EXCERPTED RECORDS Block Start
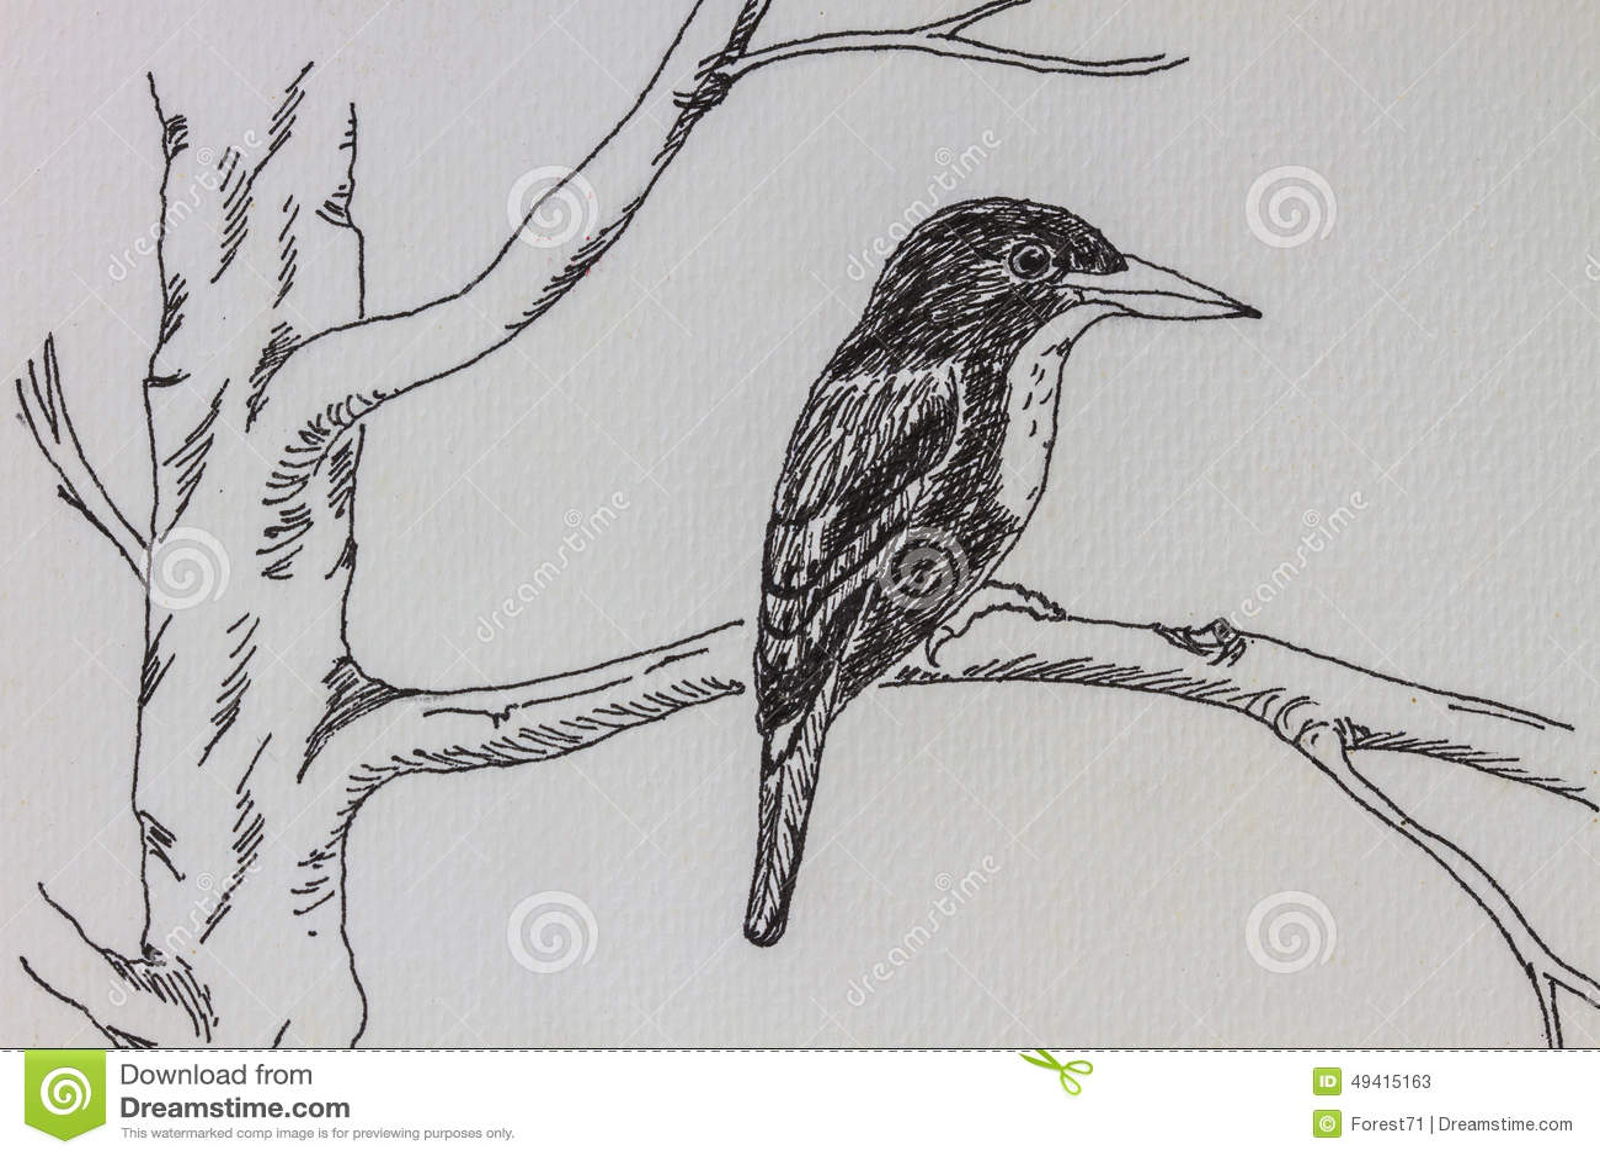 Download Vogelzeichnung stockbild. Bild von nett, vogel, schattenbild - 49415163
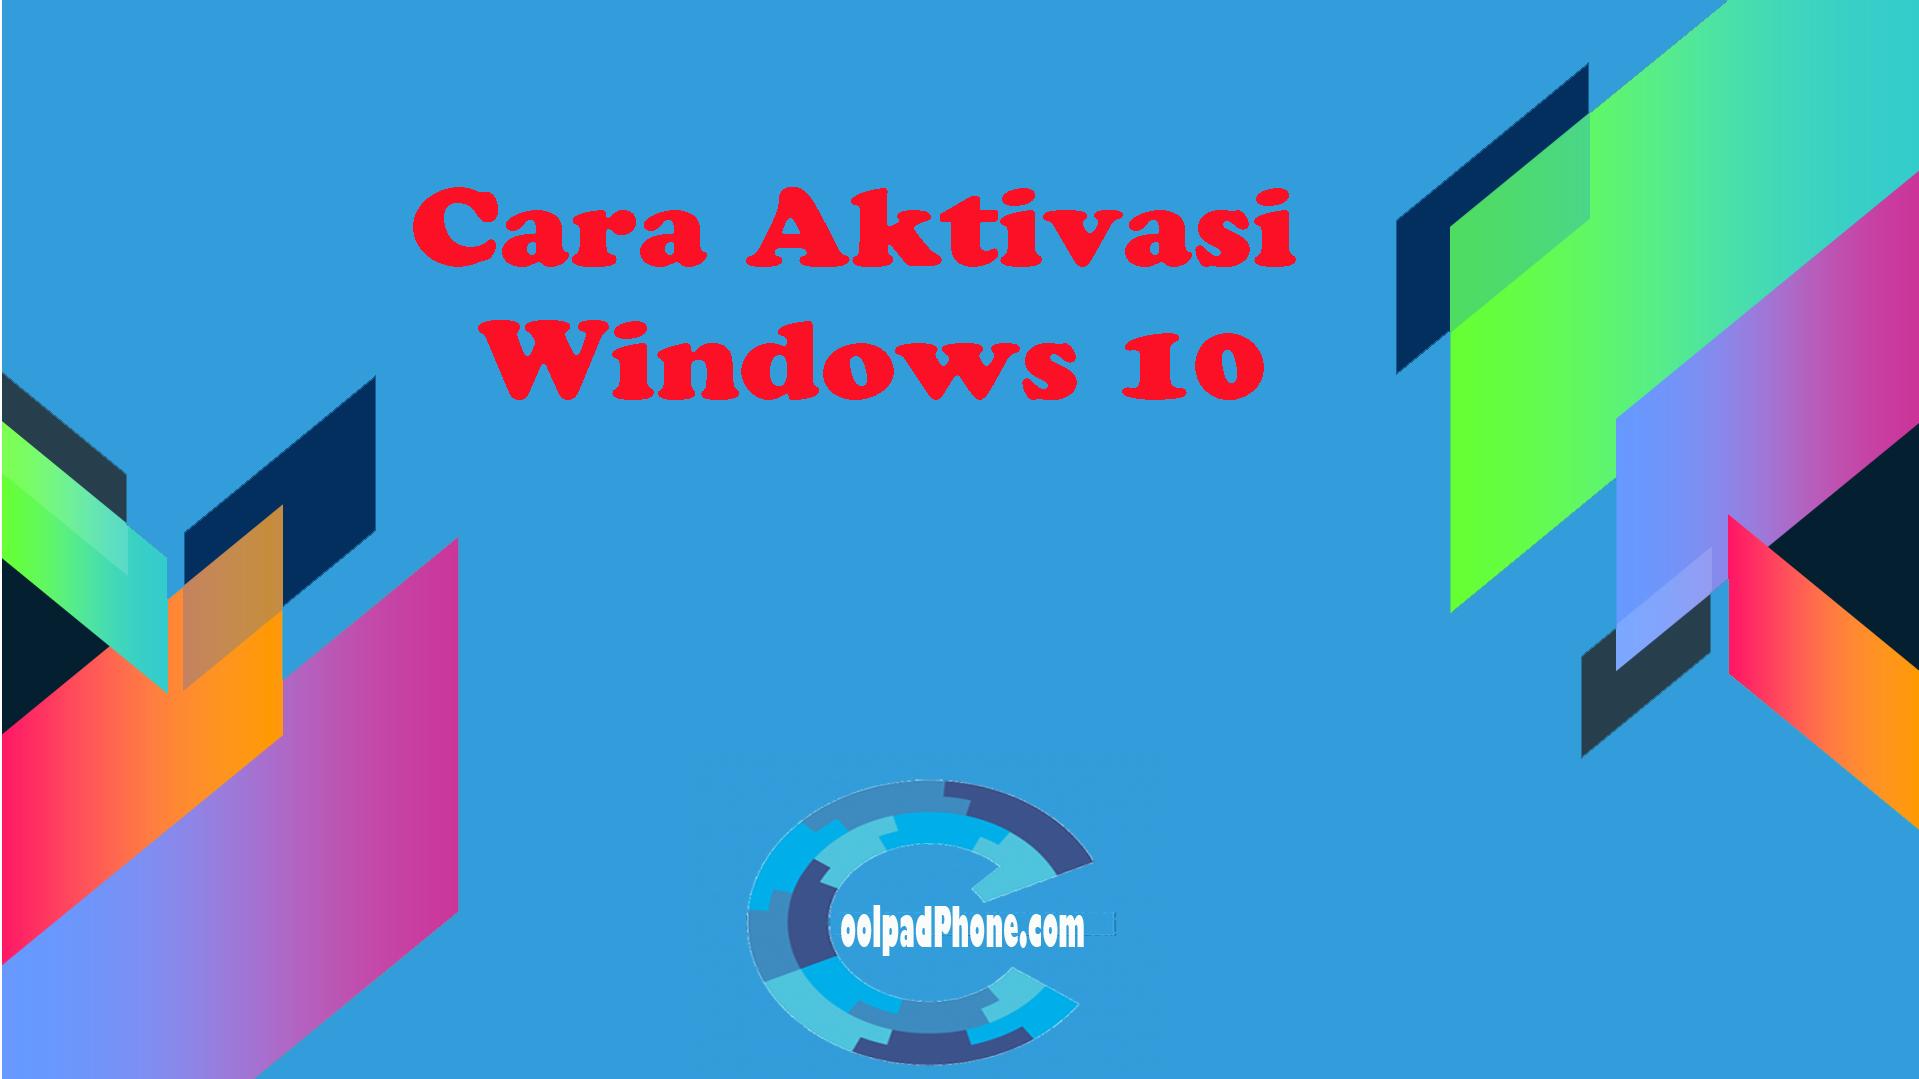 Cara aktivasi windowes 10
EXCERPTED RECORDS Block End
EXCERPTED RECORDS Block Start
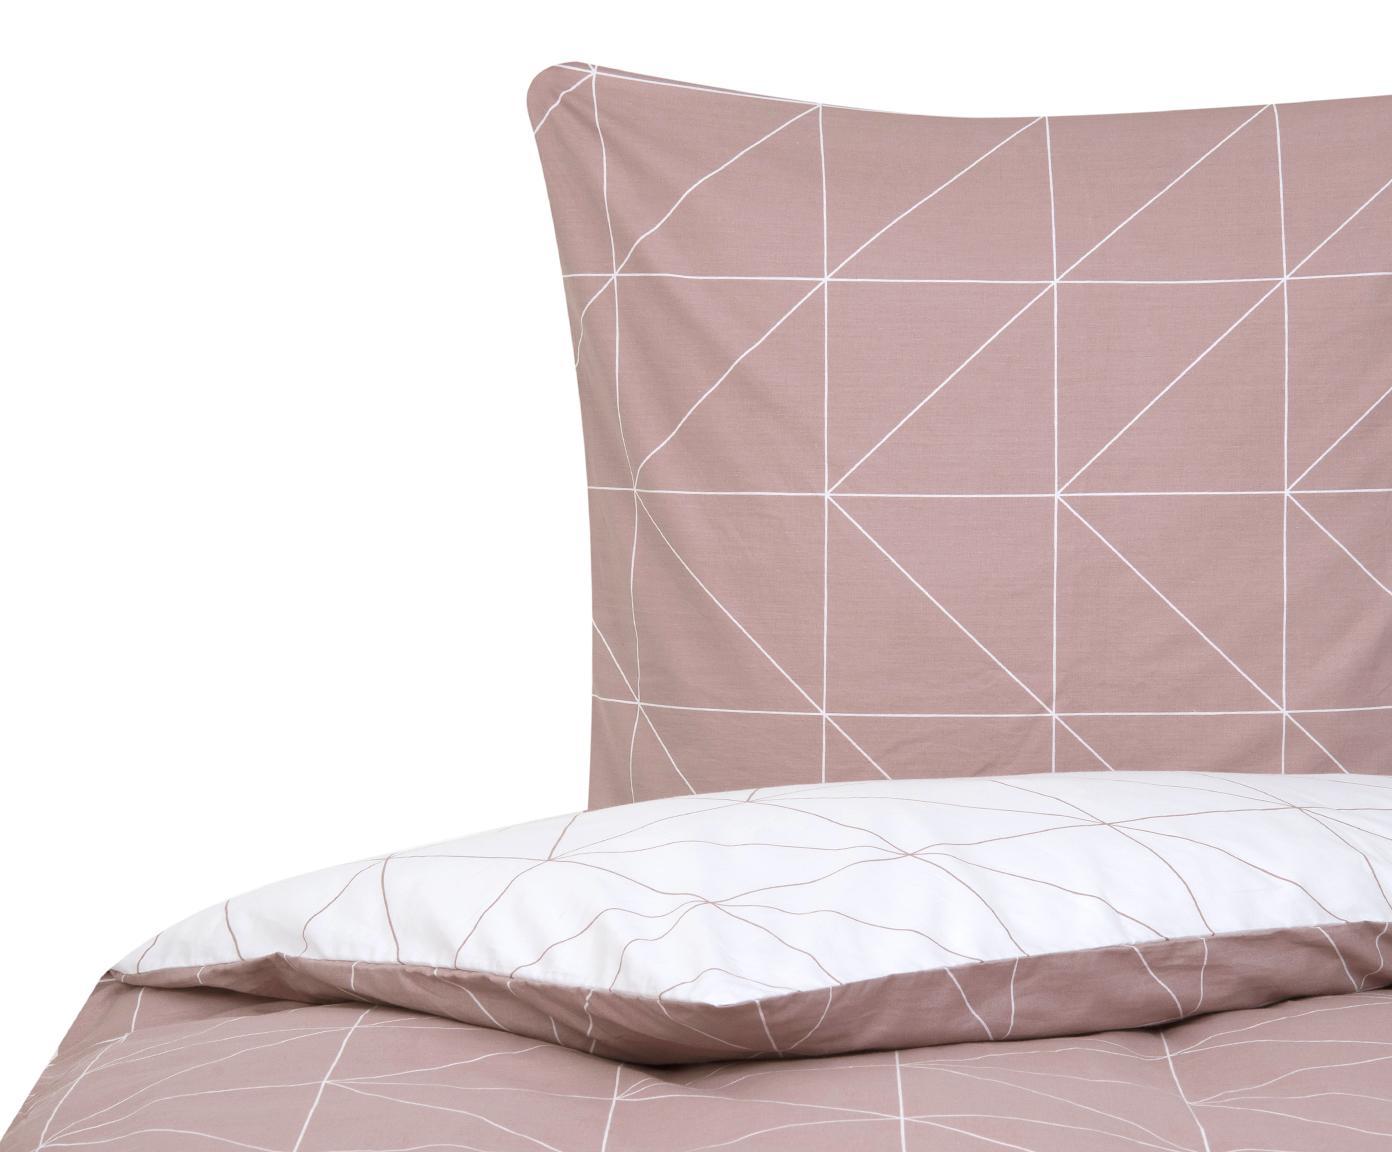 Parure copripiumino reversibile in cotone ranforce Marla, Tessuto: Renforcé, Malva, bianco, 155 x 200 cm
EXCERPTED RECORDS Block End
Start at the line above containing "Download Vogelzeichnung stockbild." and stop at the line containing "Cara aktivasi windowes 10": print those lines and everything between them exactly, but not the pictures.

 Download Vogelzeichnung stockbild. Bild von nett, vogel, schattenbild - 49415163
 Cara aktivasi windowes 10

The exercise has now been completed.